Fig. 5 shows, in joules, the amount of energy used by the different accelerators to compute our results. In my experiments, energy usage on DPUs ranged from as low as three times more, up to 17 times more energy than the GPU. On average DPUs use on average 7.5 times more energy to compute the same results as a GPU.

So although the DPUs use less power, if we consider the fact that their workload will run longer, as observed in the amount of time taken for the same workload in Fig. 1, they consume significantly more energy overall in my use case.

#### V. FUTURE WORK

If this project were to be continued, several improvements and future work could be implemented.



Fig. 5. Joules used by DPU and GPU.

Firstly, achieving a more detailed and precise determination of the actual power usage of components could be pursued. This would involve directly measuring the power draw of both GPU and DPUs at the hardware level, providing a better understanding of the difference in power usage between the two components. Although I measured DPU power usage at the hardware level, employing an actual hardware meter exclusively measuring the DPU power used during the workload would improve accuracy.

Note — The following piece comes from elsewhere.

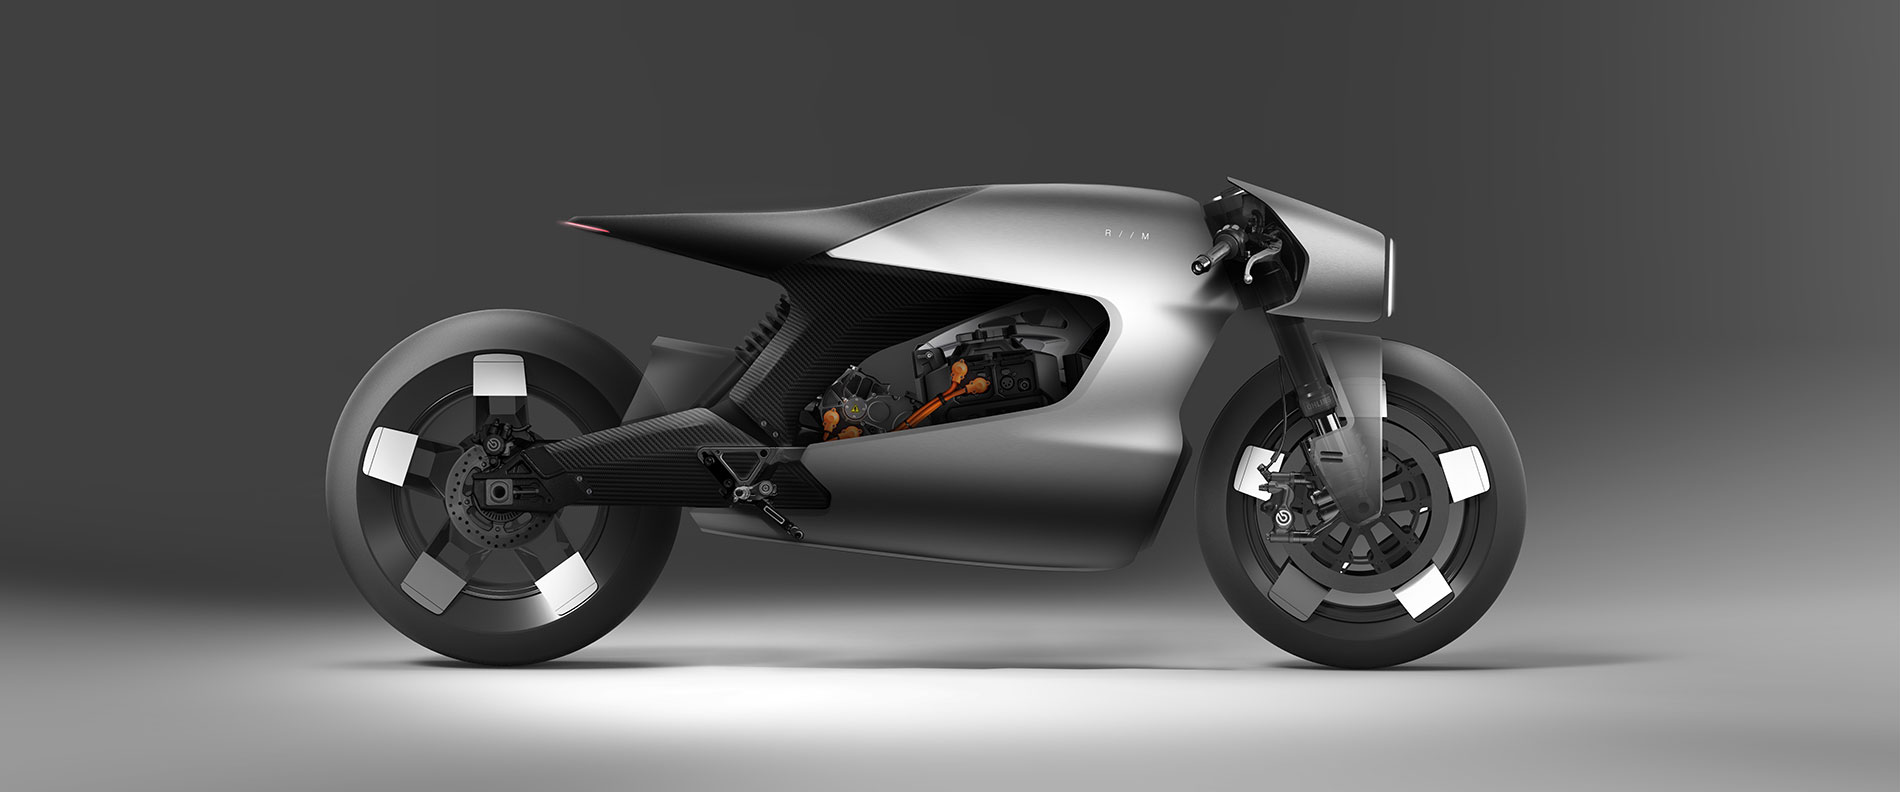 Render of the Ex Machina motorcycle.

Secondly, experiments could be done with very large file sizes and spread across clusters of DPUs. Doing this would make it possible to see how many DPUs would be required to match the performance of a GPU.

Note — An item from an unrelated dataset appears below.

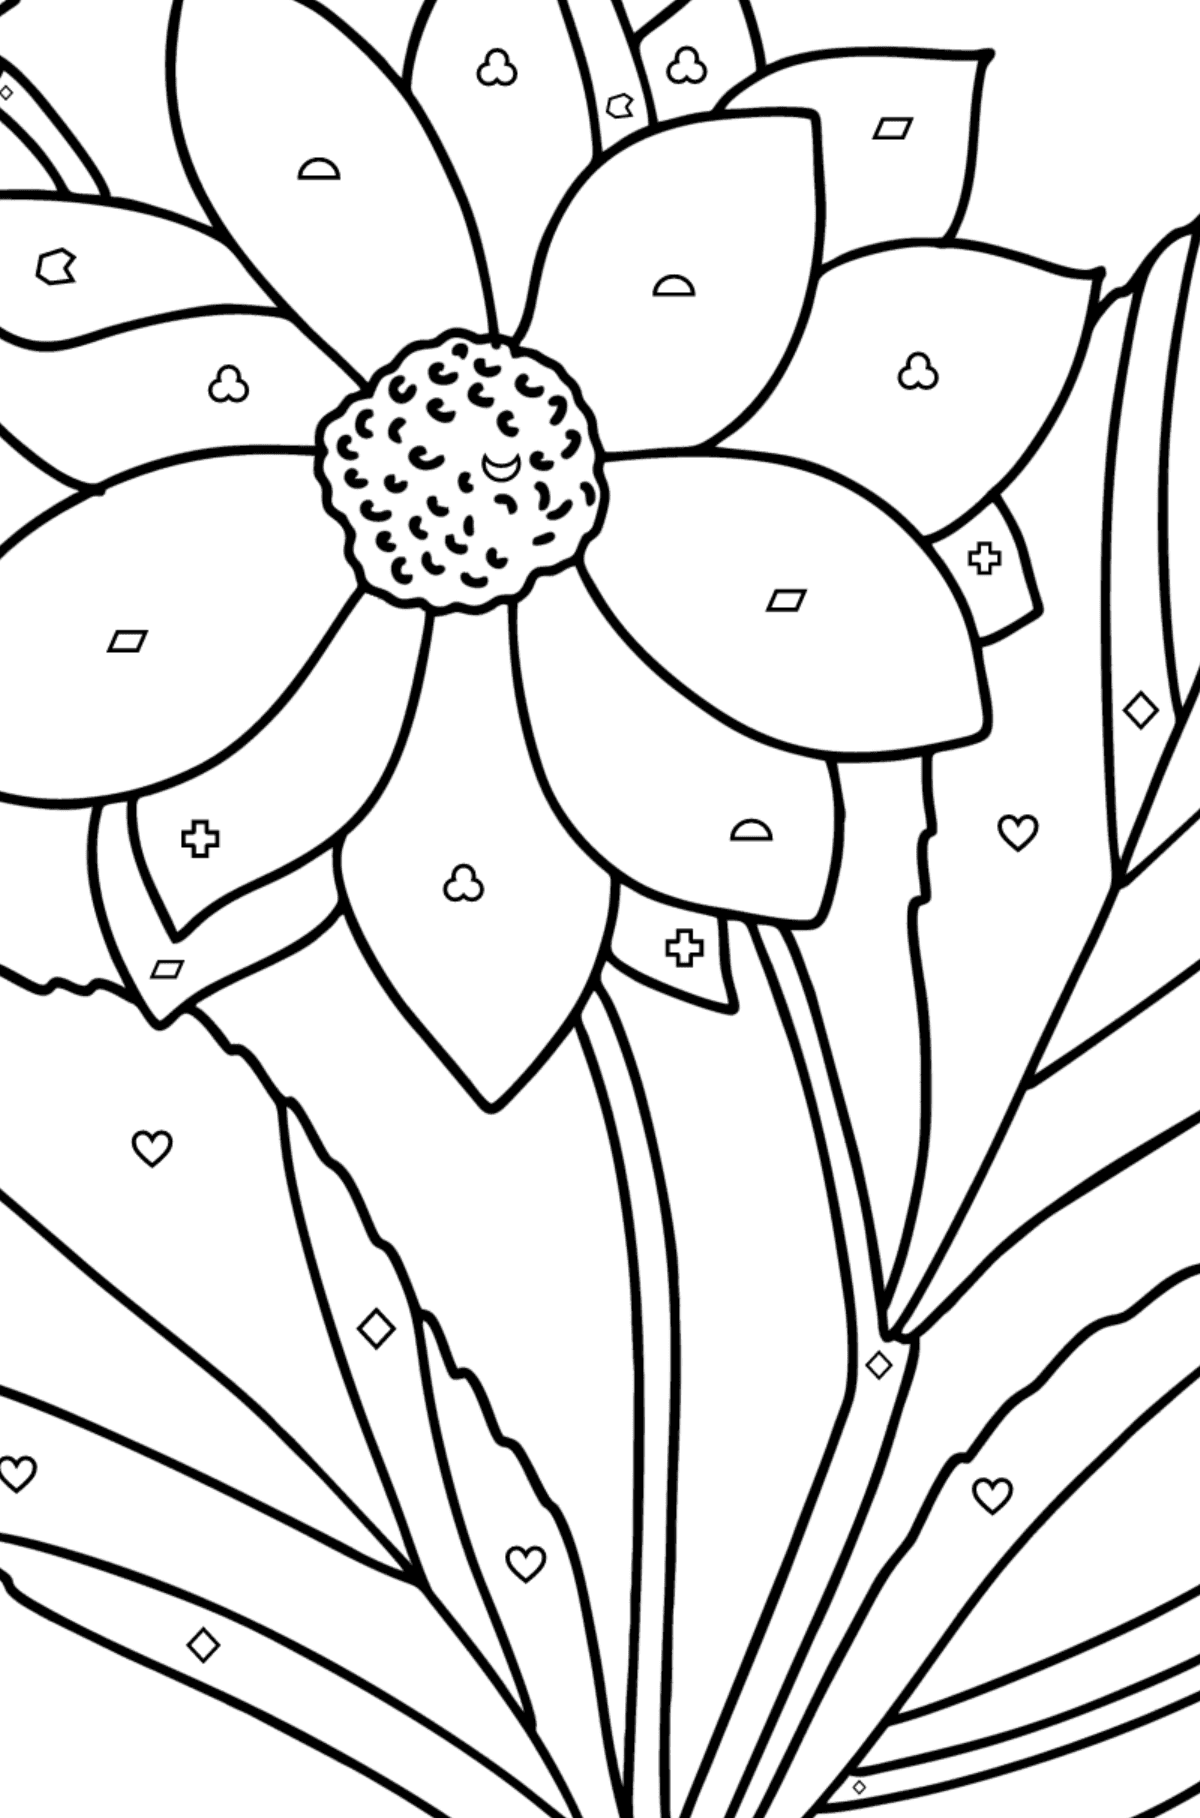 Dahlias coloring page - Coloring by Geometric Shapes for Kids

Third, while my workload plateaus, I should conduct further investigation to ensure that I am fully utilizing the compute capabilities of the DPUs. I should analyze to determine the bottleneck in my workload and identify where the limiting factor lies in achieving better performance.

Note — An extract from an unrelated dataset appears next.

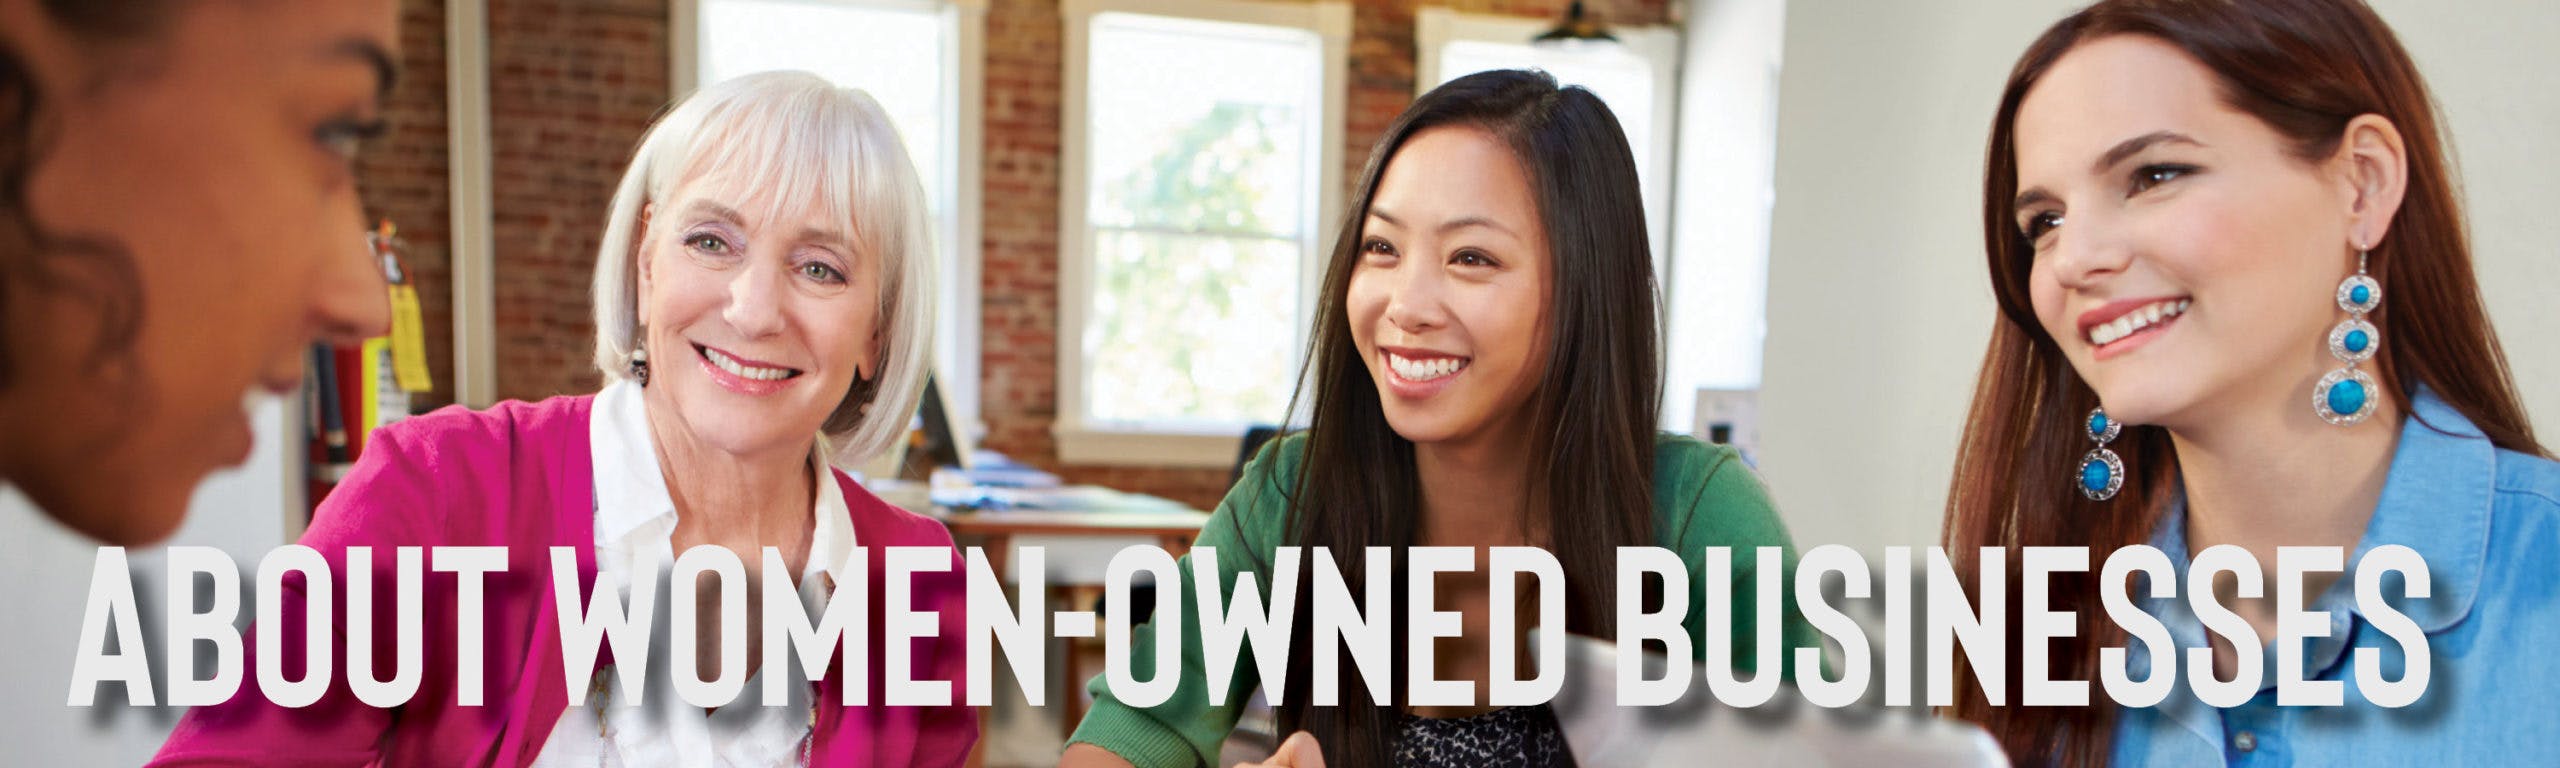 About Women-Owned Businesses

Lastly, this case study could be broadened to include other workloads with different performance characteristics to determine if the results found here are common across all workloads.

#### VI. CONCLUSION

PIM offers a new way of accomplishing parallel computing, and DPUs can provide a way to improve on performance over that of a sequential CPU implementation. However, their slower execution engine means that they may run longer to accomplish work similar to that of a GPU. This translates to increased energy usage. Previous experiments [6] have shown that DPUs *can* achieve better efficiency than GPUs given the right workloads. Workloads that PIM excel at are memory-bound workloads. Workloads like the one examined in this paper where they are computation-heavy, may not be able to take advantage of increased energy efficiency that other workloads can.

#### ACKNOWLEDGMENT

I thank Professor Alexandra (Sasha) Fedorova, and Joel Nider (Department of Electrical and Computer Engineering), for their advice and guidance in this project.

#### **AVAILABILITY**

All source code for the projects described in the paper can be found at https://github.com/UBC-ECE-Sasha/PIM-HDC.

#### REFERENCES

- F. Devaux, "The true processing in memory accelerator," in 2019 IEEE Hot Chips 31 Symposium (HCS), pp. 1–24, IEEE Computer Society, 2019.
- [2] G. Karunaratne, M. Le Gallo, G. Cherubini, L. Benini, A. Rahimi, and A. Sebastian, "In-memory hyperdimensional computing," *Nature Electronics*, vol. 3, no. 6, pp. 327–337, 2020.
- [3] J. Nider, C. Mustard, A. Zoltan, J. Ramsden, L. Liu, J. Grossbard, M. Dashti, R. Jodin, A. Ghiti, J. Chauzi, *et al.*, "A case study of {Processing-in-Memory} in {off-the-Shelf} systems," in 2021 USENIX Annual Technical Conference (USENIX ATC 21), pp. 117–130, 2021.
- [4] F. Montagna, A. Rahimi, S. Benatti, D. Rossi, and L. Benini, "Pulp-hd: Accelerating brain-inspired high-dimensional computing on a parallel ultra-low power platform," in 2018 55th ACM/ESDA/IEEE Design Automation Conference (DAC), pp. 1– 6, 2018.
- [5] W. Weber and A. Gupta, "Exploring the benefits of multiple hardware contexts in a multiprocessor architecture: Preliminary results," in *The 16th Annual International Symposium on Computer Architecture*, pp. 273–280, May 1989.
- [6] J. Gómez-Luna, I. El Hajj, I. Fernandez, C. Giannoula, G. F. Oliveira, and O. Mutlu, "Benchmarking memory-centric computing systems: Analysis of real processing-in-memory hardware," in 2021 12th International Green and Sustainable Computing Conference (IGSC), pp. 1–7, IEEE, 2021.